Buffett's bet on food
Tim Green (The Kraft Heinz Company): One of Berkshire Hathaway's biggest positions is its $22 billion stake in food giant Kraft Heinz, which formed from the merger of Kraft and Heinz in 2015. Buffett's love of strong brands is evident here. The company owns a stable of brands, including Oscar Mayer, Philadelphia, Planters, Maxwell House, and many more.
It's those very brands that have the market concerned. Shares of Kraft Heinz are hovering near their 52-week low, down nearly 30% over the past year. Most of Kraft Heinz's brands are not appealing to those looking for natural, organic, or premium options, and upstart brands are winning share as a result. In the ketchup market, for example, Unilever's Sir Kensington's brand is gaining ground. And Kraft Heinz lost the barbecue-sauce crown to Sweet Baby Ray's long ago.
Still, Kraft Heinz's stable of brands shouldn't be ignored. This is a company with $26 billion of annual revenue and operating margin in the ballpark of 25%. Kraft Heinz is supremely profitable, and it can make acquisitions and launch new brands to bolster its portfolio.

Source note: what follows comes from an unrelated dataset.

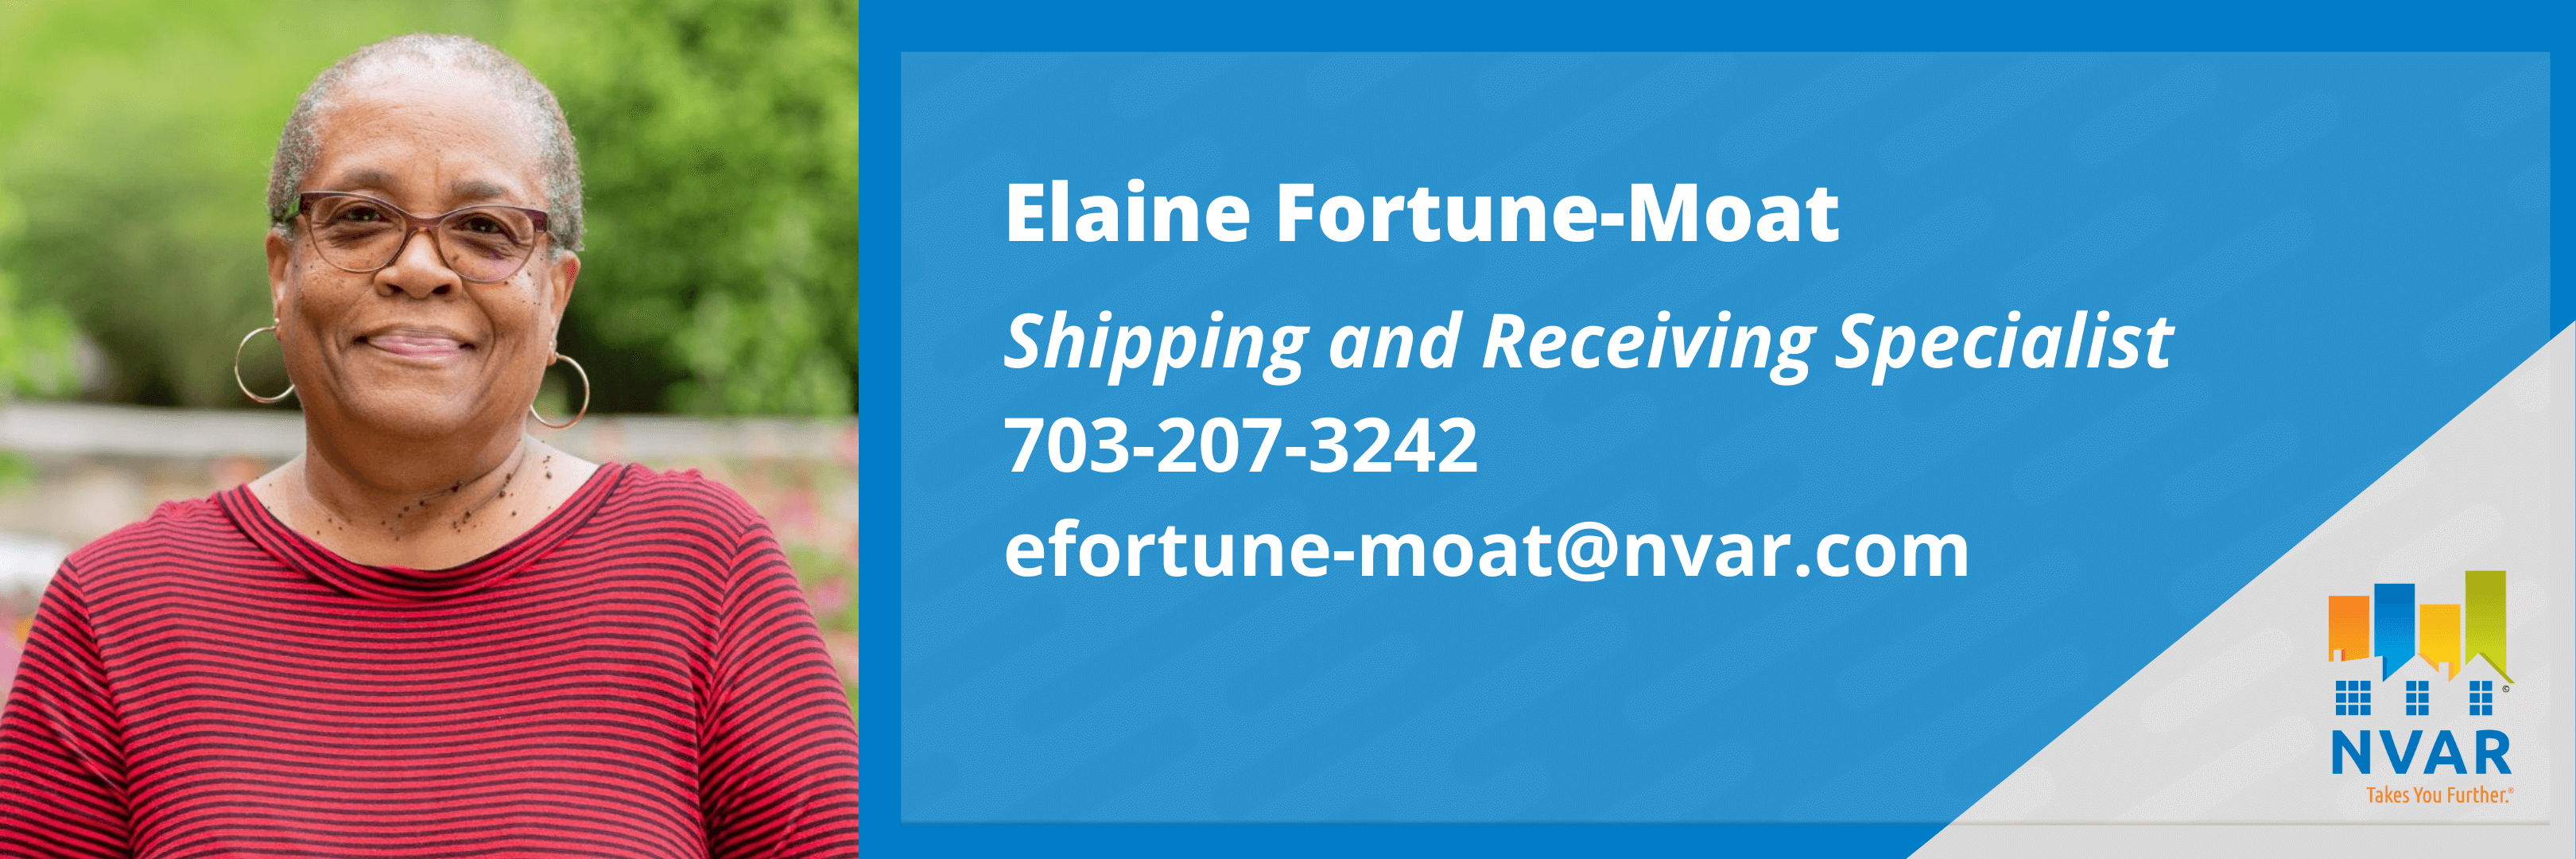 Elaine Fortune-Moat

The stock also yields about 3.7%, giving patient investors a nice quarterly payday as they wait for the company to return to meaningful growth.
Kraft Heinz has some work to do as it battles upstart brands, but Buffett's massive stake should give investors some confidence in the company.

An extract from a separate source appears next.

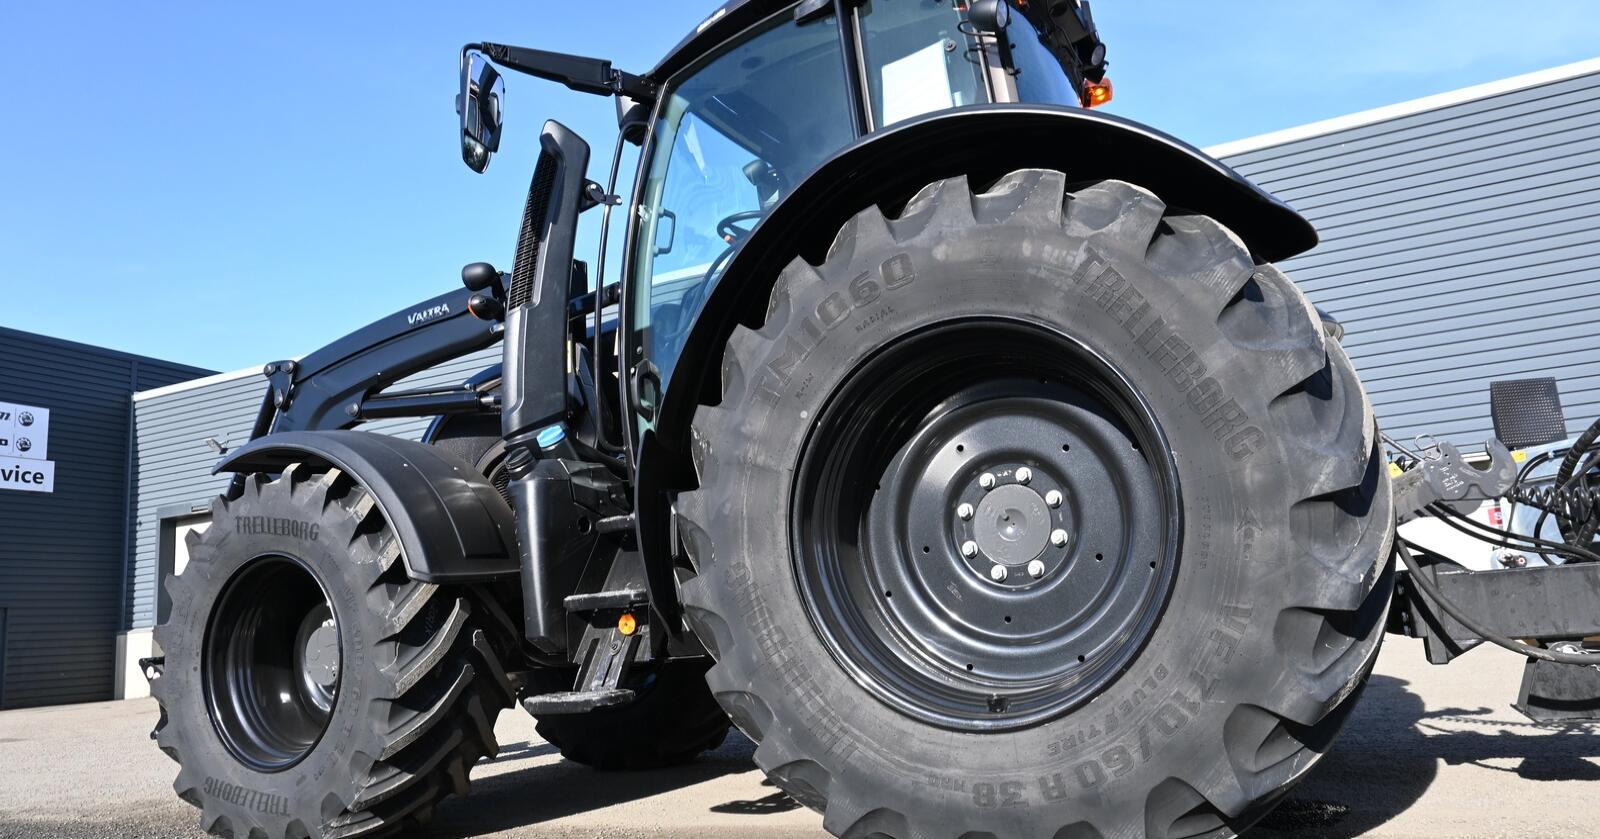 OEM: Mange traktorprodusenter som Valtra leverer dekk fra Trelleborg som standard eller tilvalg. Nå økes prisene med inntil15 prosent.

Despite the recent sale, Buffett still loves this refining stock
Matt DiLallo (Phillips 66): Last month, oil refining giant Phillips 66 announced that it had agreed to buy back $3.3 billion of its stock. The seller was none other than Warren Buffett's Berkshire Hathaway.
While some might think this sale suggests he no longer believes in the company's future, that's not the case at all. Instead, Buffett said that "this transaction was solely motivated by our desire to eliminate the regulatory requirements that come with ownership levels above 10%" and added, "We remain one of Phillips 66's largest shareholders and plan to continue to hold the stock for the long term." In fact, Berkshire currently holds 9.8% of Phillips 66's outstanding shares, making it a top-10 holding. http://investor.phillips66.com/financial-information/news-releases/news-release-details/2018/Phillips-66-and-Berkshire-Hathaway-Announce-Share-Repurchase-Agreement/default.aspx and https://www.cnbc.com/berkshire-hathaway-portfolio/
The reason Buffett plans to continue holding for the long term is that "Phillips 66 is a great company with a diversified downstream portfolio and a strong management team." That diversification sets the company apart from its refining peers because, in addition to operating a leading refining business, Phillips 66 holds a stake in a large chemicals joint venture and controls a fast-growing energy midstream business. These entities enhance the stability of the company's cash flow, giving it the money to invest in growth projects and return billions of dollars to investors each year through share repurchases and a growing dividend. That shareholder-focused strategy has paid off for Phillips 66, which has generated a total return of nearly 250% since going public in 2012, versus just 125% from the S&P 500. Given the large stake he still holds, Buffett believes Phillips 66 can continue outperforming, which is what makes it an excellent stock for his fans.